The woman hesitated, then said, “There’s a story going around here that Lolita’s mother is alive and the Kroons don’t want anyone to know. Personally, we think there’s something very strange about the whole thing.”
Nancy thanked her informer and hurried to her seat in the big top. As she waited for the show to begin, Nancy mulled over various angles of the mystery. Had Lola Flanders pawned the bracelet ? Was she the person who needed help? Were the Kroons the cause of her trouble?
Nancy was brought out of her reverie by the band striking up. The performance began. Leaning forward in her seat, she paid particular attention to the bareback-riding act. The riders were experts in timing themselves to the movements of the horses. One attractive girl rider was more proficient than the others and did a great. deal of solo work.
This young rider had just completed a midair double somersault and landed on the horse’s back amid tumultuous applause when an object hurtled through the air hit the horse on the nose. The mare reared, throwing the young girl.
At once there was confusion among the other horses and their riders. In the midst of the chaos, Nancy spotted the object that had struck the horse.
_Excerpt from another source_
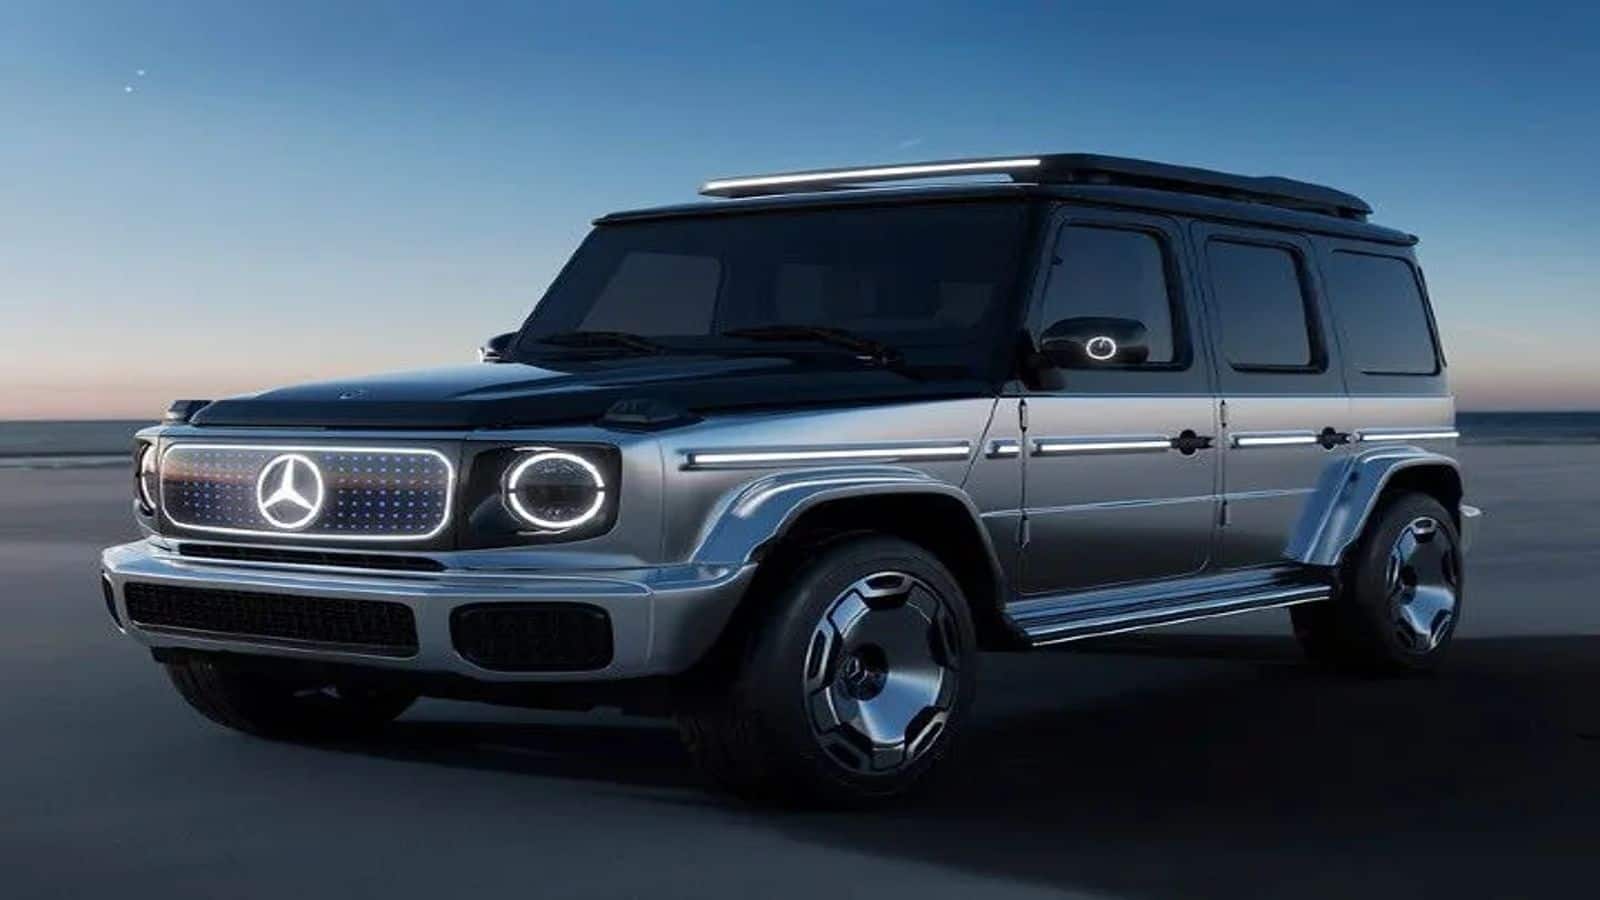 Mercedes-Benz to unveil electric G-Class SUV on April 24

A whip, exactly like the one her assailant had used, was lying on the tanbark!
CHAPTER VII
Meeting a Challenge
THE injured bareback rider tried to stand, but it was evident at once that her ankle was either badly sprained or broken. Her face was creased with pain. Two riders stepped forward. She put an arm around the shoulders of each man, and they helped her from the ring. Meanwhile, her horse had run to the exit.
The remaining performers carried on, doing their best, but it was apparent that the mishap had made them nervous. At a signal from the band, inspired by Kroon, the act came to an abrupt end.
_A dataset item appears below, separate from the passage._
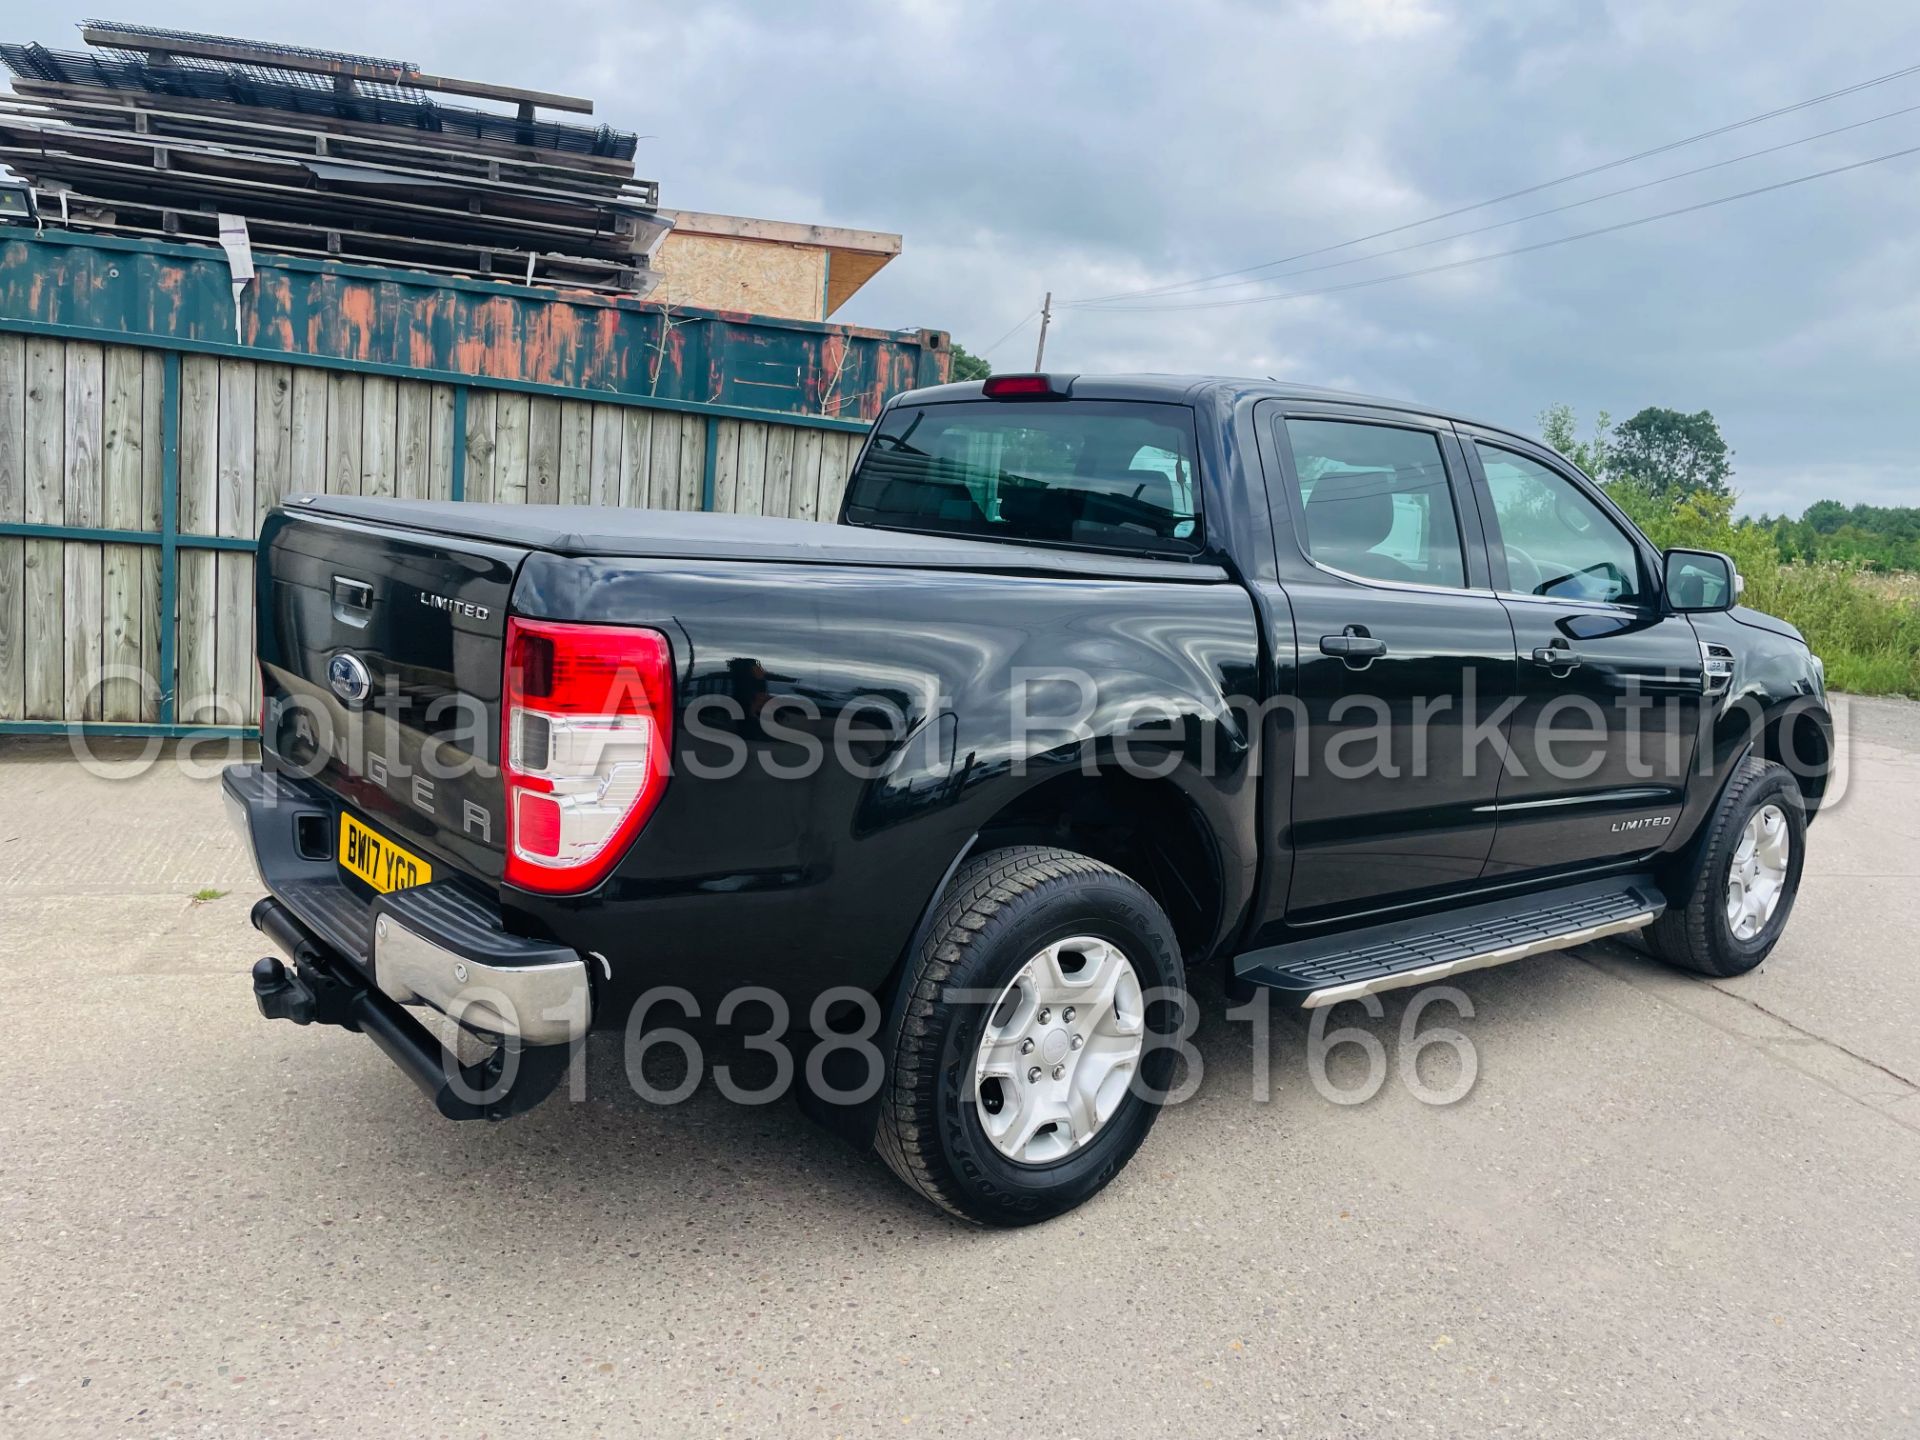 (On Sale) FORD RANGER *LIMITED EDITION* DOUBLE CAB PICK-UP (2017 -EURO 6) 'AUTO - LEATHER' (1 OWNER) - Image 13 of 56

The whip that had caused the accident had been kicked out of the way and seemed to have been forgotten by everyone but Nancy.
“I thought the person who tried to strangle me had a grudge against me personally,” she mused. “But what could his motive have been for injuring the circus rider?”
Recalling her first suspicions of the stableman at Roberto’s riding academy, Nancy wondered if it was possible that Hitch had perpetrated all three bits of mischief.
“Hitch did warn me not to do any circus riding,” Nancy reminded herself. “Maybe he doesn’t want other girls to, either.”
As the next act was announced, Nancy saw Chief of Police McGinnis of the River Heights force walk into the box she had occupied the evening before. He was wearing civilian clothes. Getting up, she hurried over and sat beside him.
“Hello, Nancy,” he said genially. “What’s the mystery this time? Whenever you seek me out, I know something’s in the wind!”
Nancy smiled and confessed that she did have a problem. She asked if he had reached the circus in time to see what had happened to the young bareback rider.
“No,” the chief replied, “but the guard outside told me about the accident. Too bad. I was hoping the circus would get through the three days here without any trouble. But I suppose we have to expect such things.”
“It’s my idea,” Nancy said thoughtfully, “that it was a deliberate attempt to injure the girl and her horse.”
“What makes you think so?” the officer asked.
Nancy told him what had happened to her the evening before with the very same kind of whip.
The chief whistled. “Why didn’t you tell me this before now?” he demanded.
Nancy explained that Ned had spoken to the circus policeman. “And we did search for the man,” she added.
Chief McGinnis, who admired Nancy’s ability as a detective, remarked, “If you couldn’t find the man, it was probably because he skipped out.”
“I also had a threatening note from the strangler,” Nancy went on. “I was going to bring it to you, but so many things have happened since then that I’ve had no chance. I did look it over carefully, Chief, and couldn’t find a clue to the writer.”